Segment Open

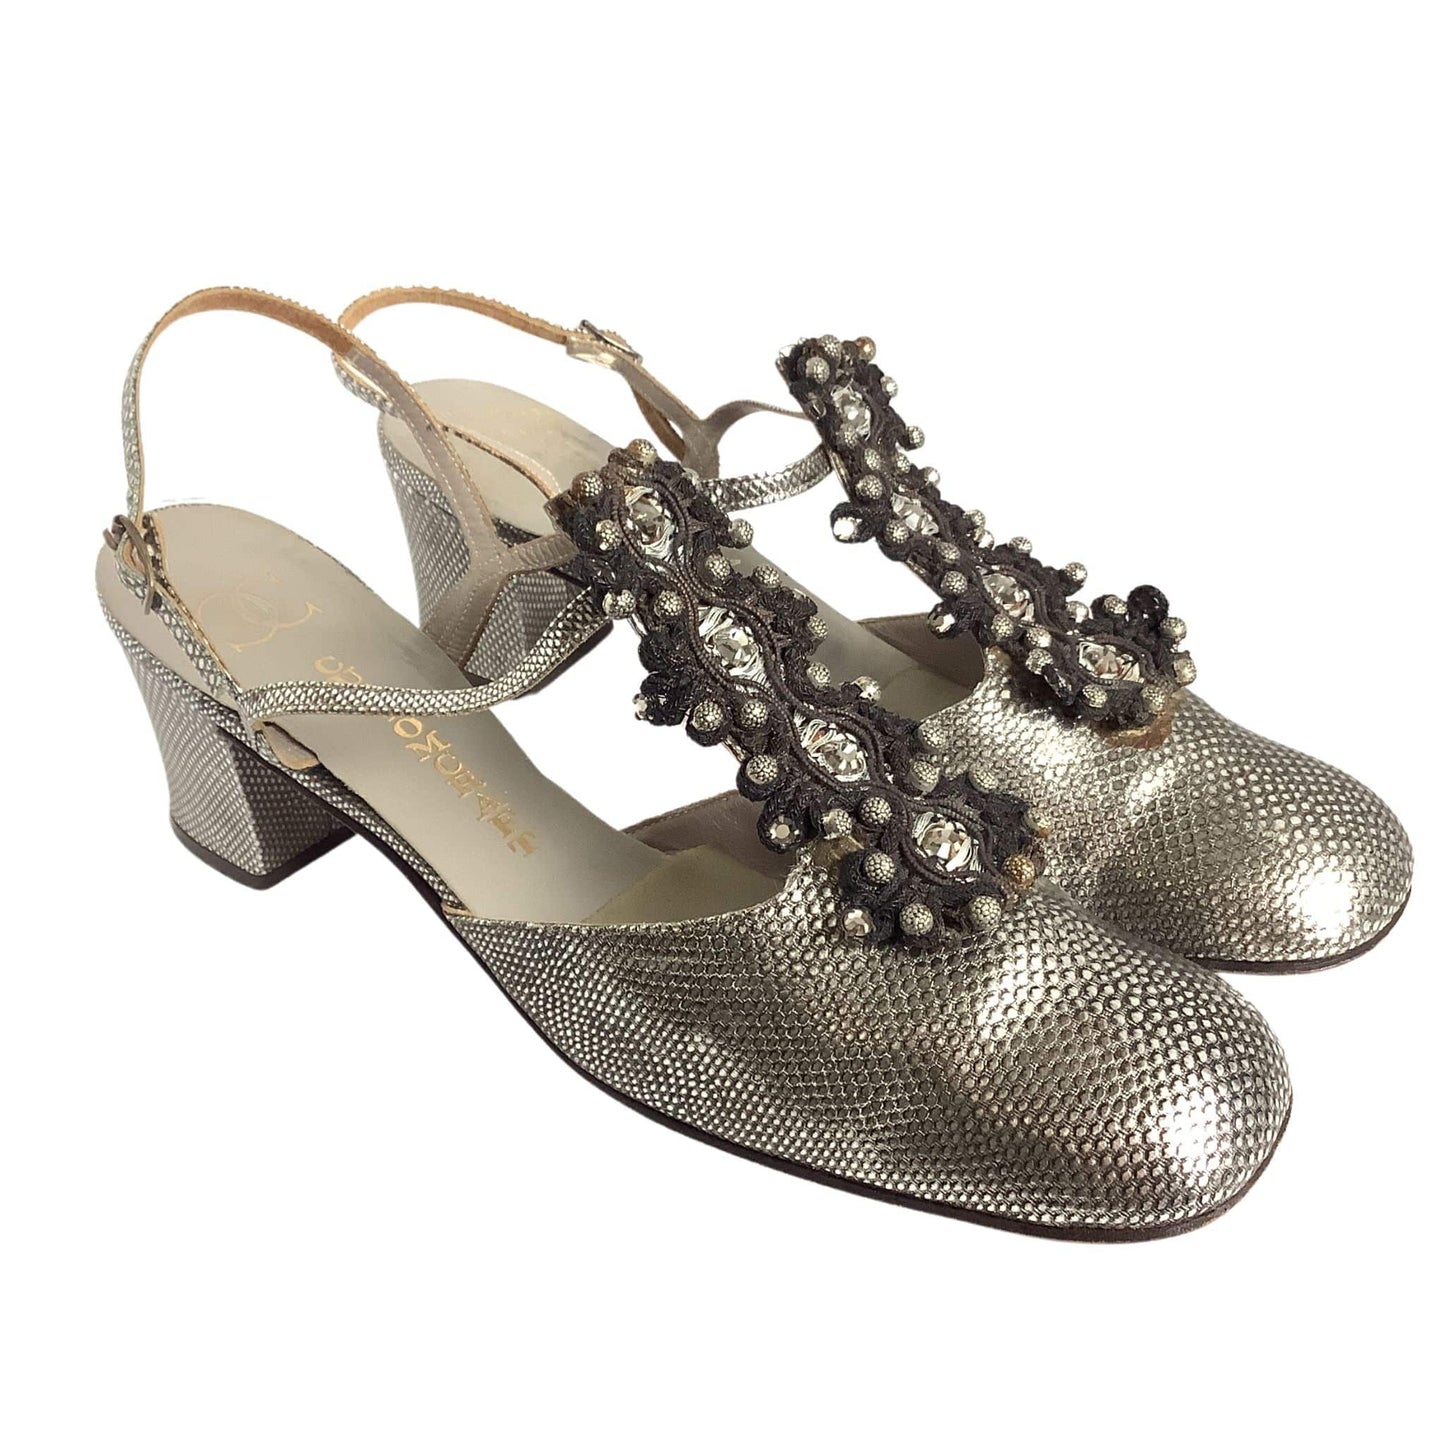 Customcraft Silver Heels 8 / Silver / Vintage 1960s
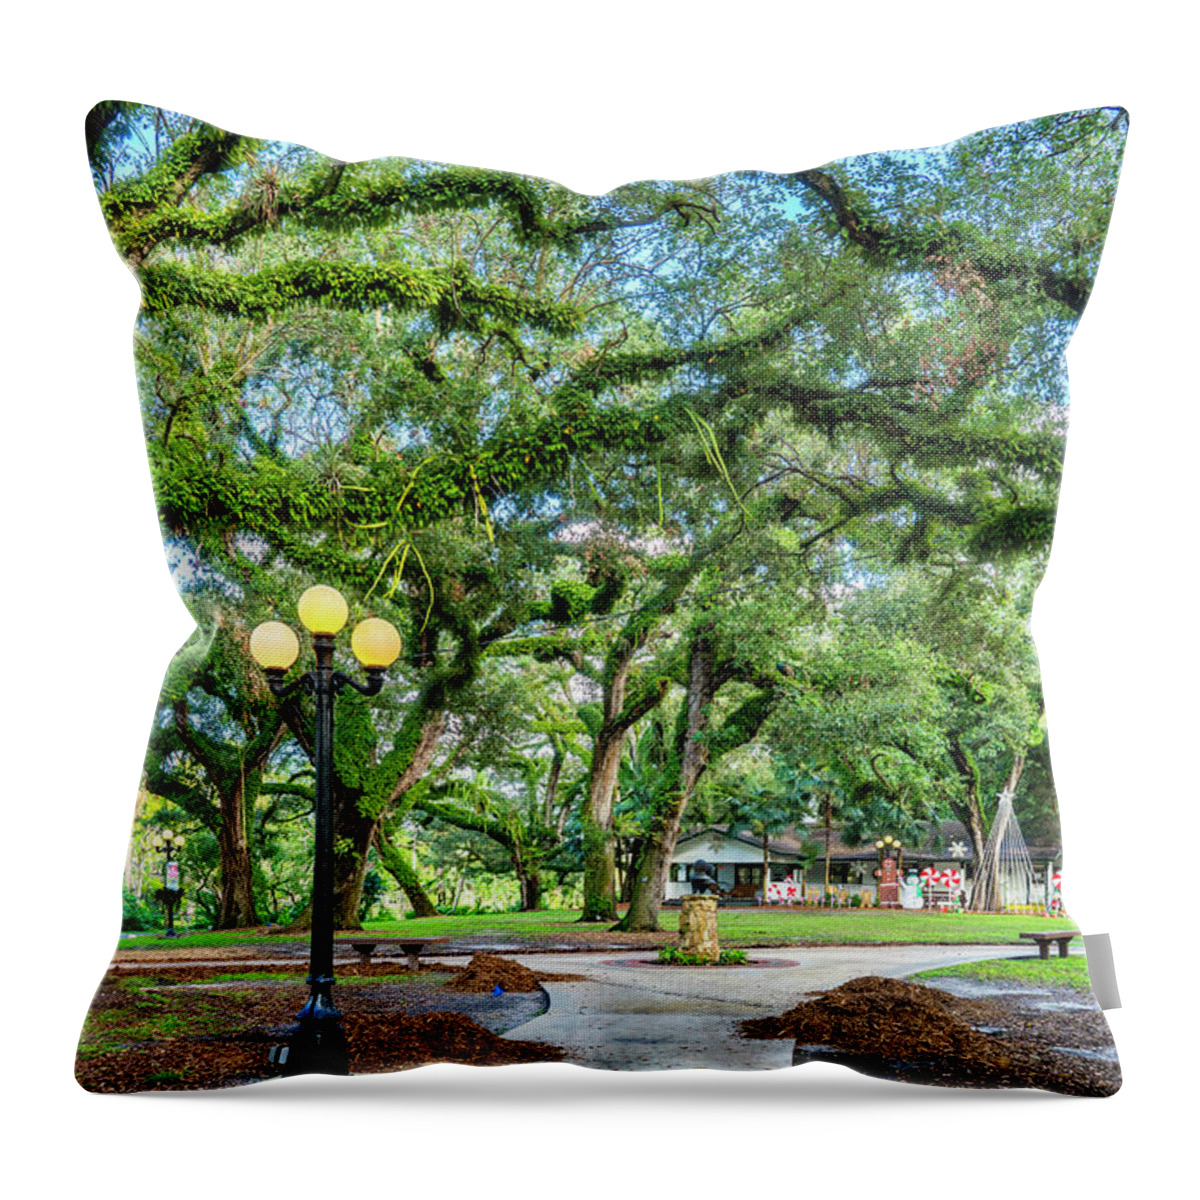 Estock Throw Pillow featuring the digital art Flamingo Gardens In Davie Florida by Laura Zeid
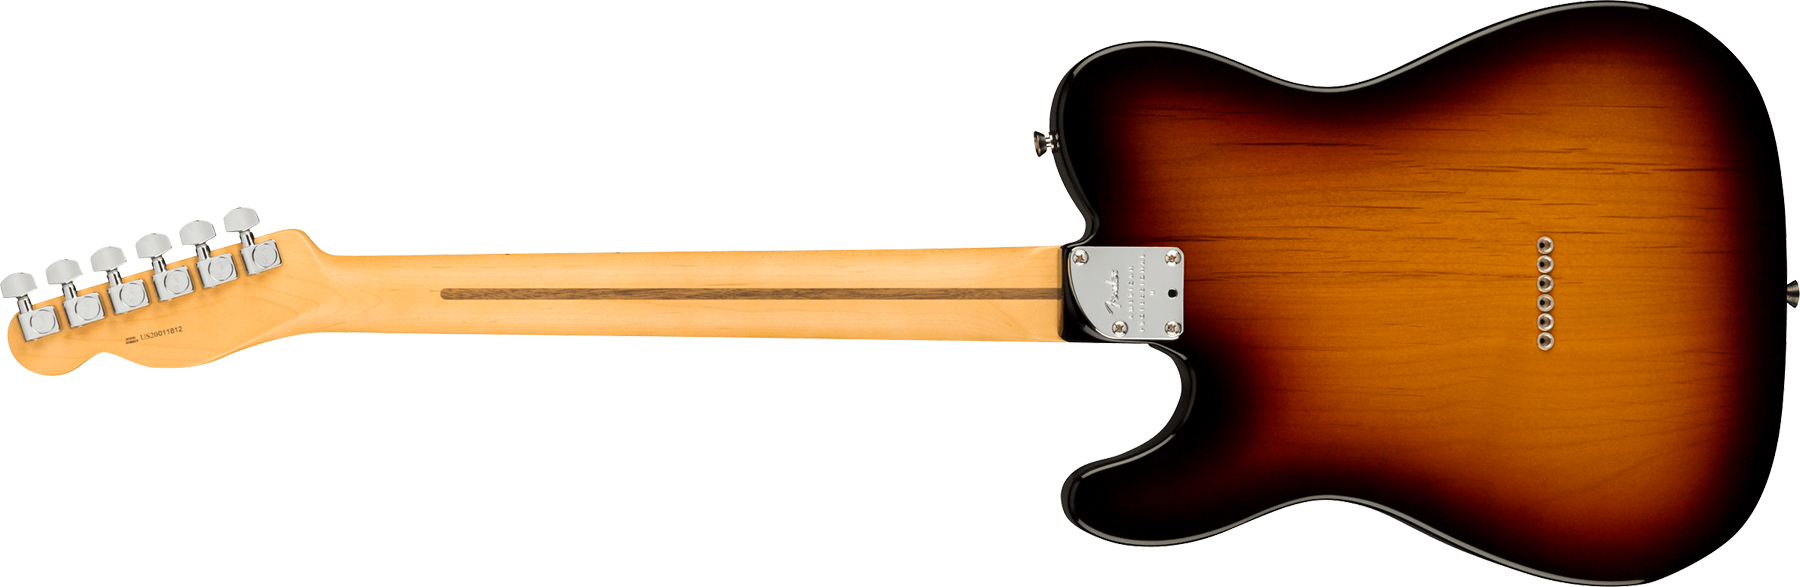 Fender Tele American Professional Ii Usa Rw - 3-color Sunburst - Televorm elektrische gitaar - Variation 1
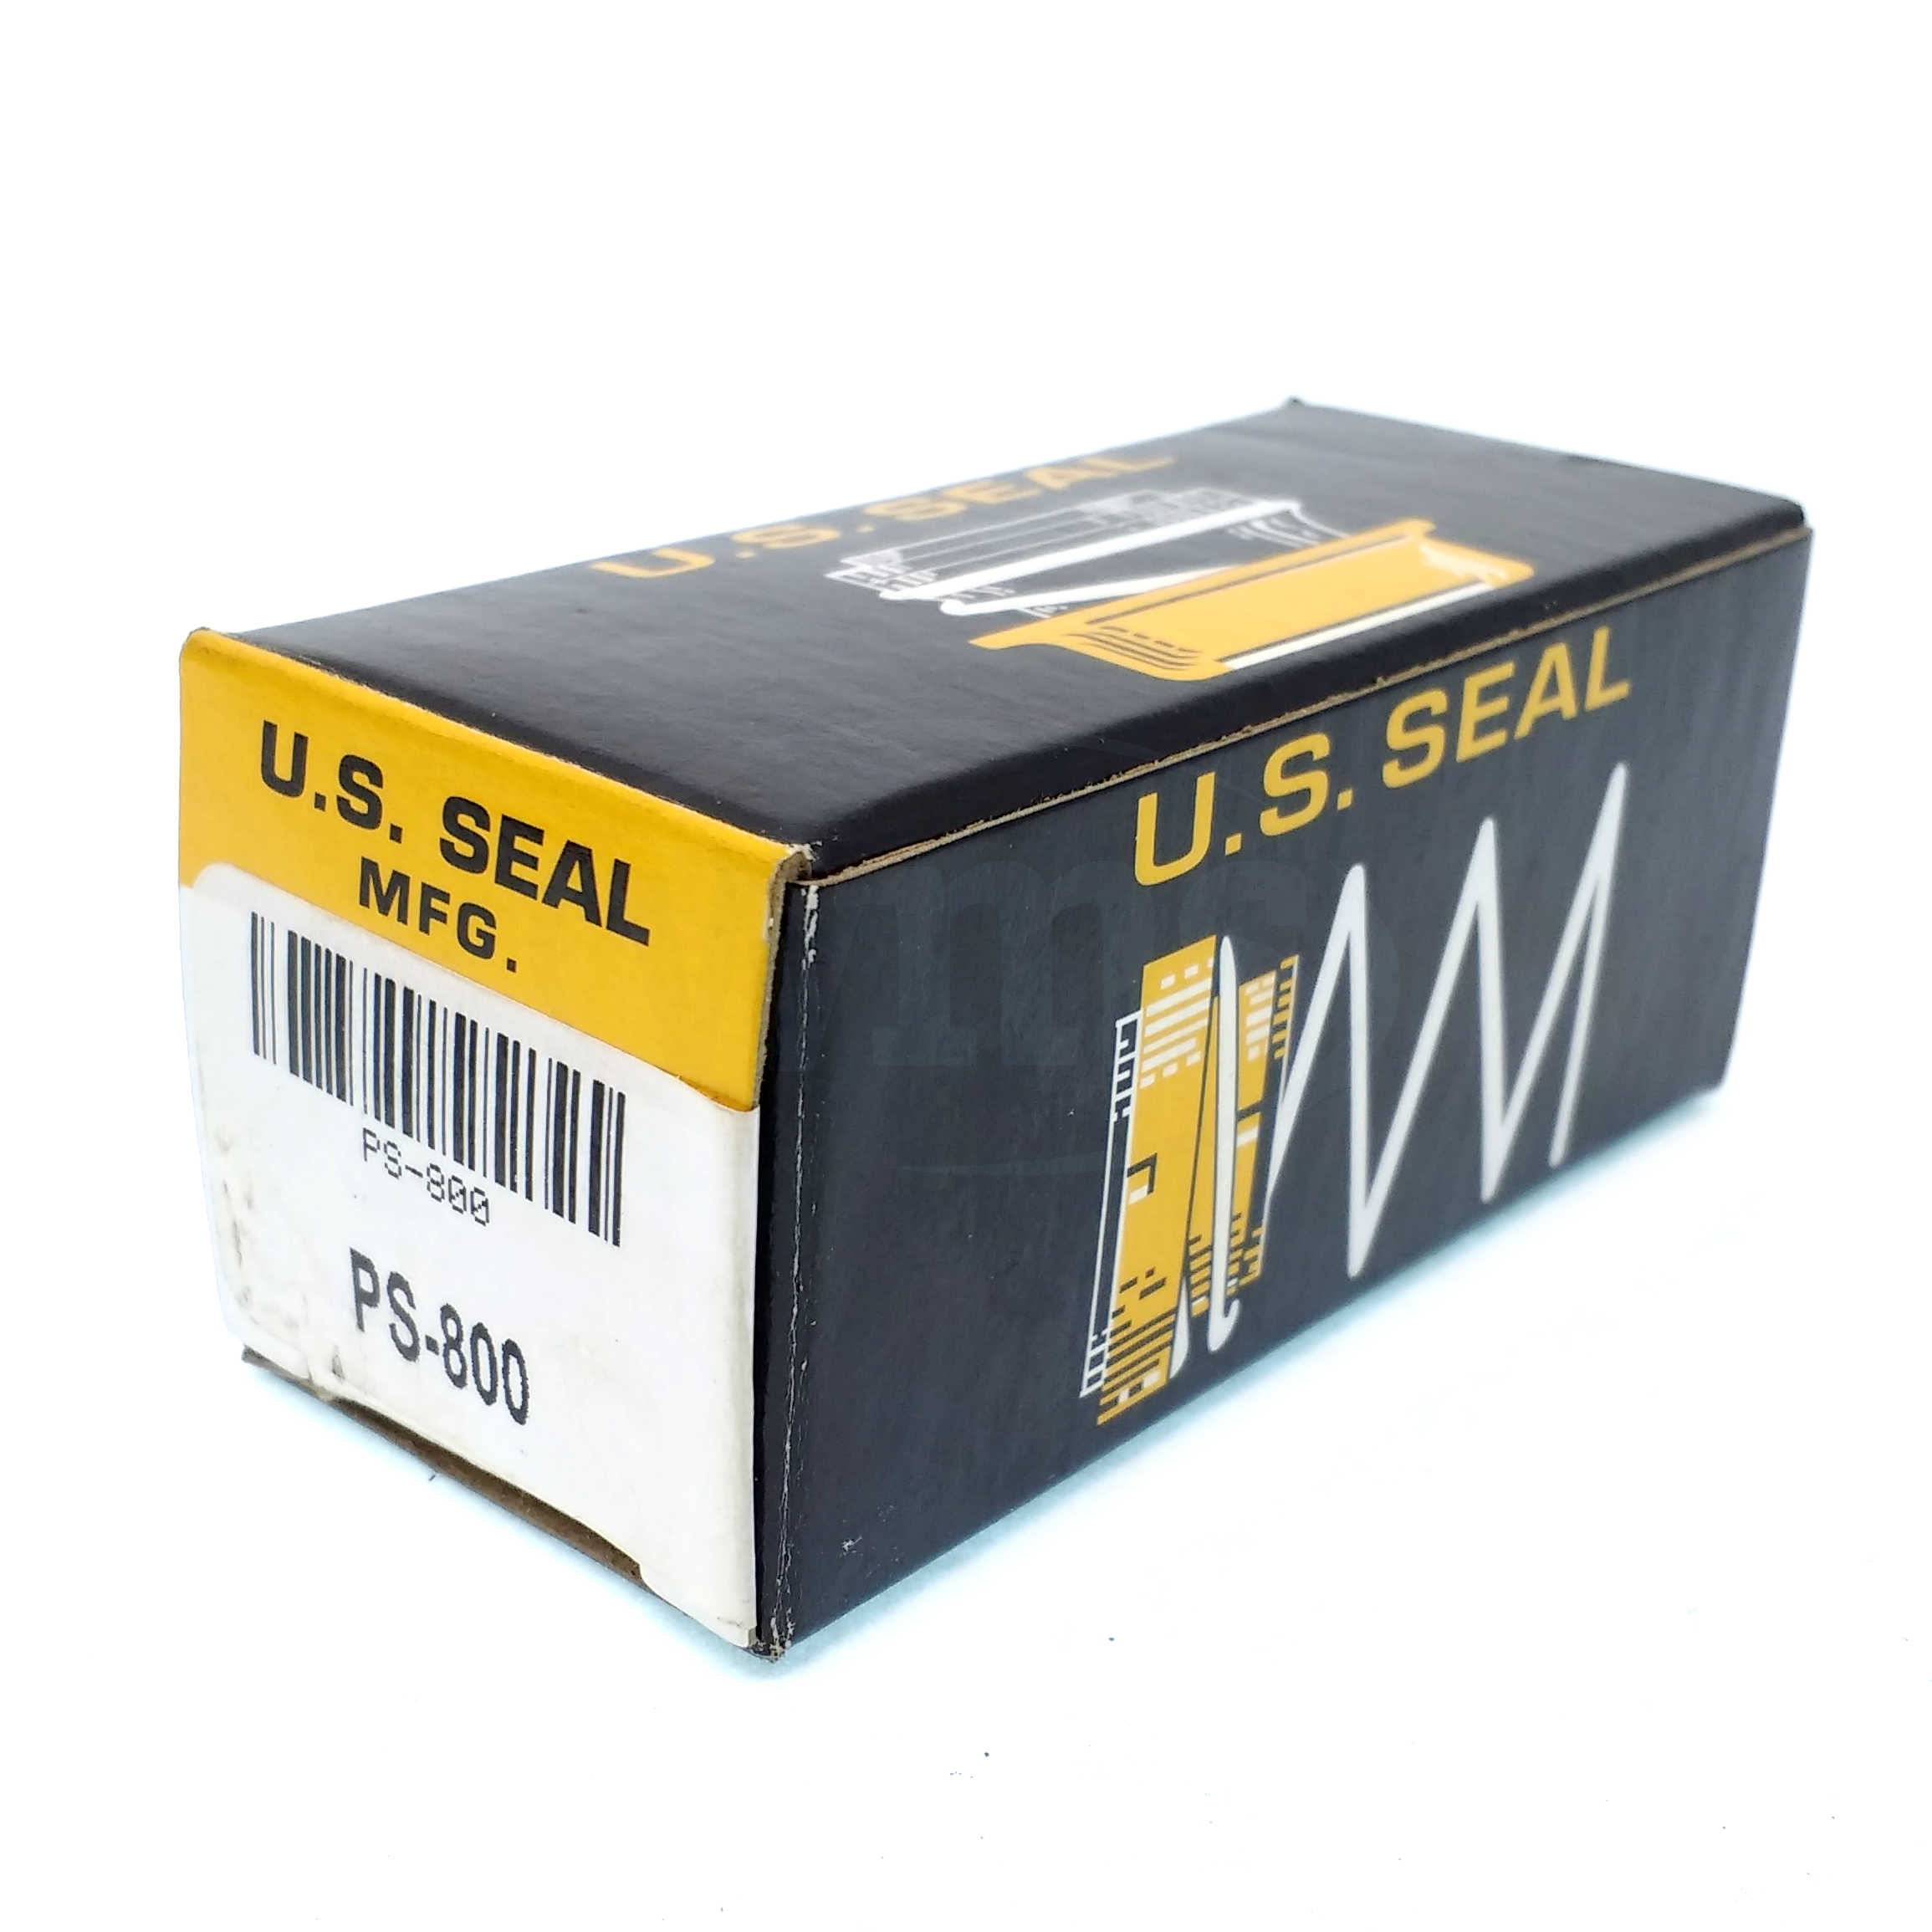 PS-800 U.S. Seal Mfg 5/8' Pump Seal 8
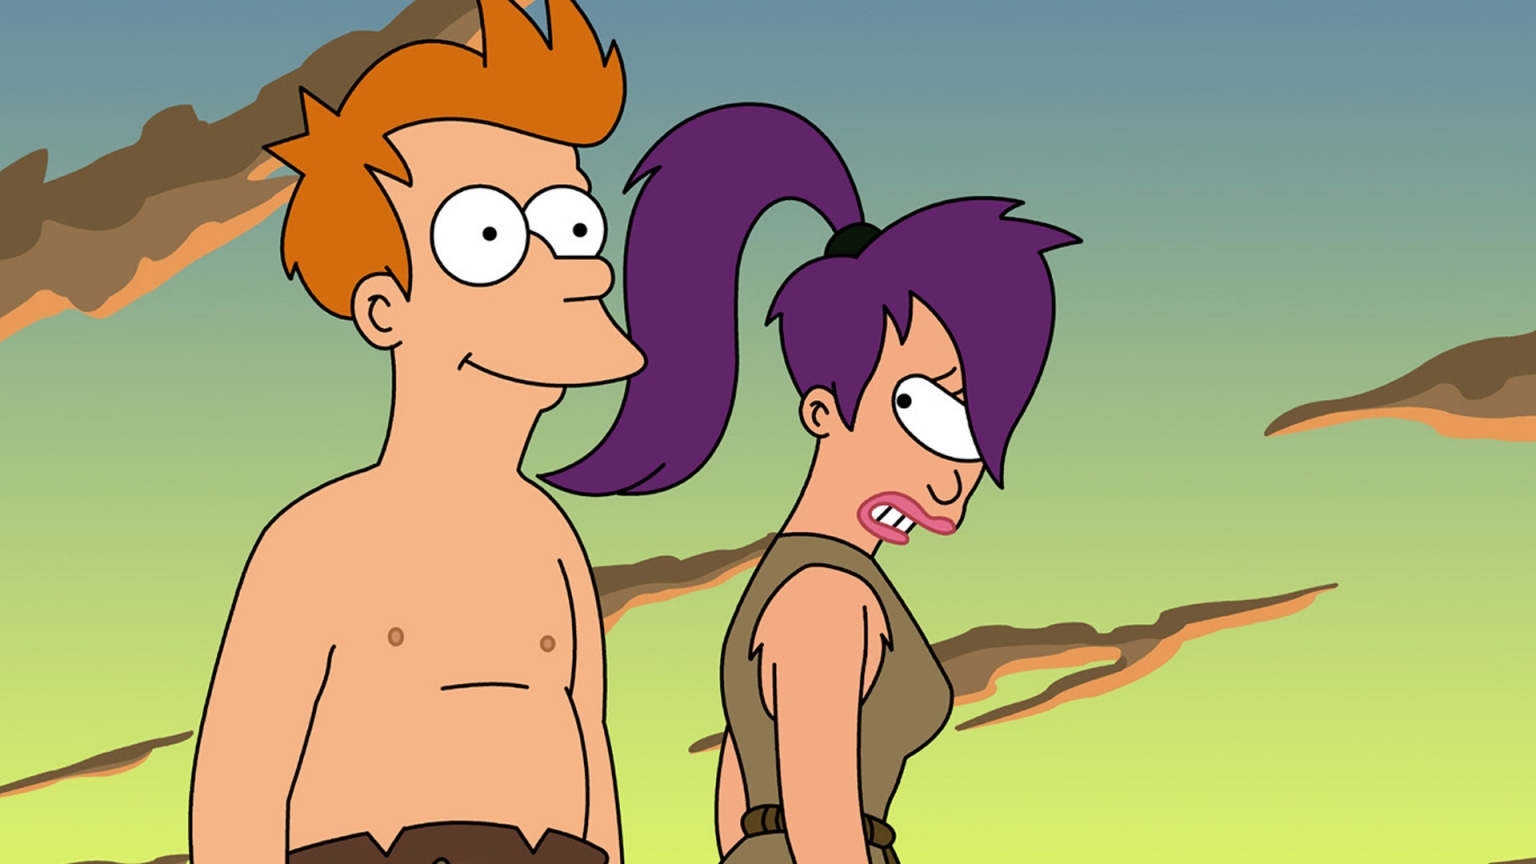 Futurama Fry and Leela for 1536 x 864 HDTV resolution

Segment Closed

◆ **EXERCISE DESCRIPTION**: All of the data is to be transcribed exactly, with images omitted.

◆ **RESPONSE**:
 Customcraft Silver Heels 8 / Silver / Vintage 1960s
 Estock Throw Pillow featuring the digital art Flamingo Gardens In Davie Florida by Laura Zeid
 Fender Tele American Professional Ii Usa Rw - 3-color Sunburst - Televorm elektrische gitaar - Variation 1
 PS-800 U.S. Seal Mfg 5/8' Pump Seal 8
 Futurama Fry and Leela for 1536 x 864 HDTV resolution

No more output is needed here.